2
votes

I have a Neo4J database with the following properties:

  • Array Store 8.00 KiB
  • Logical Log 16 B
  • Node Store 174.54 MiB
  • Property Store 477.08 MiB
  • Relationship Store 3.99 GiB
  • String Store Size 174.34 MiB
  • MiB Total Store Size 5.41 GiB

There are 12M nodes and 125M relationships.

So you could say this is a pretty large database.

My OS is windows 10 64bit, running on an Intel i7-4500U CPU @1.80Ghz with 8GB of RAM. This isn't a complete powerhouse, but it's a decent machine and in theory the total store could even fit in RAM.

However when I run a very simple query (using the Neo4j Browser)

MATCH (n {title:"A clockwork orange"}) RETURN n;

I get a result:

Returned 1 row in 17445 ms.

I also used a post request with the same query to http://localhost:7474/db/data/cypher, this took 19seconds.

something like this: http://localhost:7474/db/data/node/15000 is however executed in 23ms...

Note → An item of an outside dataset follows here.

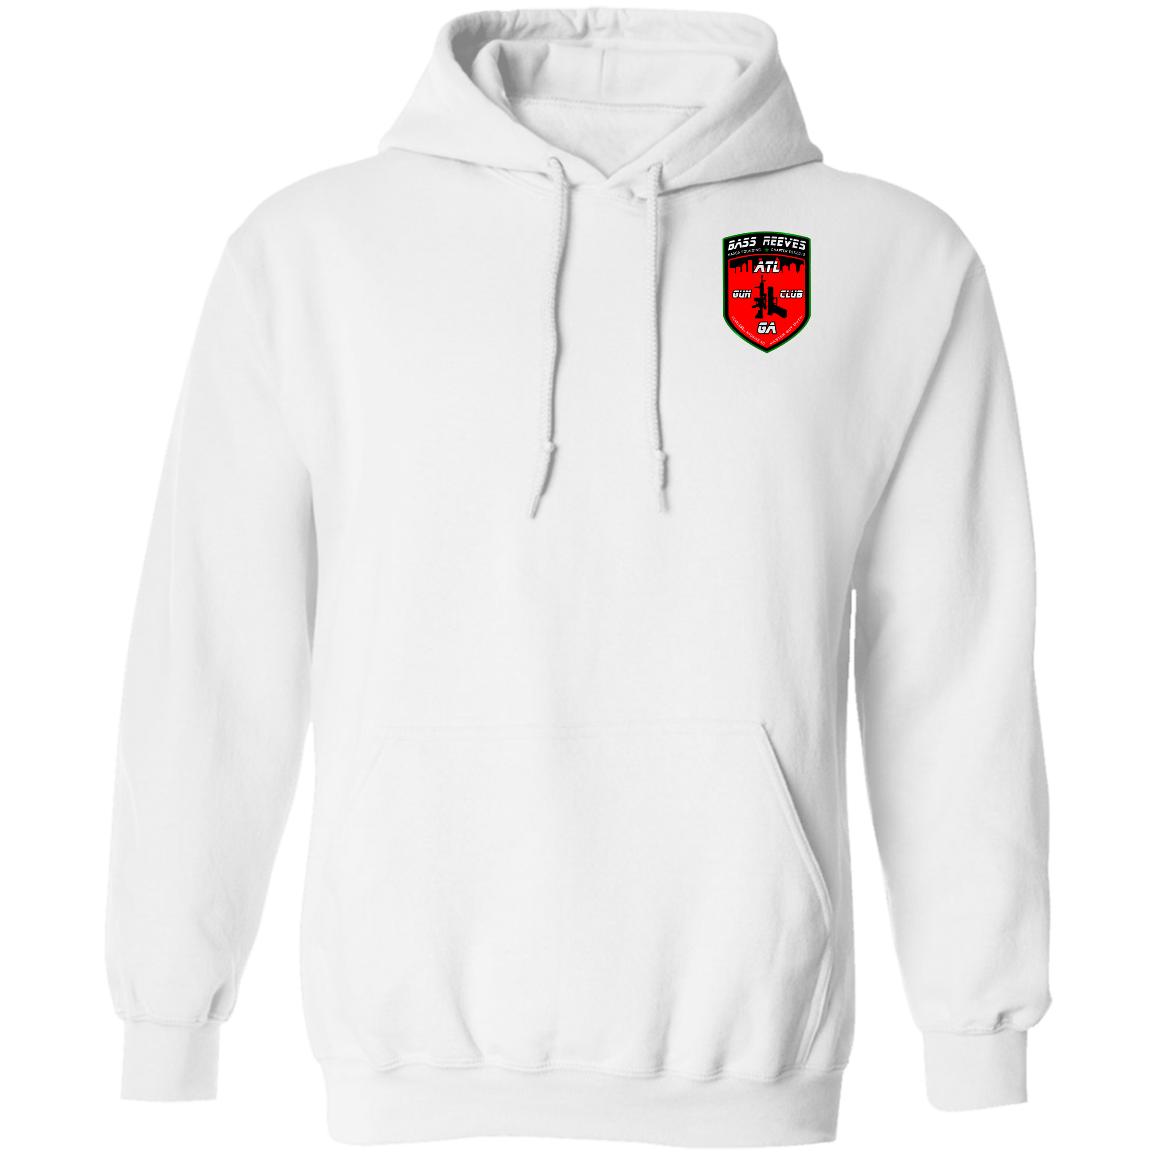 BRGC Small Patch Pullover Hoodie

And I can confirm there is an index on title:

Indexes
ON :Page(title) ONLINE 

So anyone have ideas on why this might be running so slow?

Thanks!

1

1 Answers

6
votes

This has to scan all nodes in the db - if you re-run your query using n:Page instead of just n, it'll use the index on those nodes and you'll get better results.


To expand this a bit more - INDEX ON :Page(title) is only for nodes with a :Page label, and in order to take advantage of that index your MATCH() needs to specify that label in its search.

If a MATCH() is specified without a label, the query engine has no "clue" what you're looking for so it has to do a full db scan in order to find all the nodes with a title property and check its value.

That's why

MATCH (n {title:"A clockwork orange"}) RETURN n;

is taking so long - it has to scan the entire db.

If you tell the MATCH() you're looking for a node with a :Page label and a title property -

MATCH (n:Page {title:"A clockwork orange"}) RETURN n;

the query engine knows you're looking for nodes with that label, it also knows that there's an index on that label it can use - which means it can perform your search with the performance you're looking for.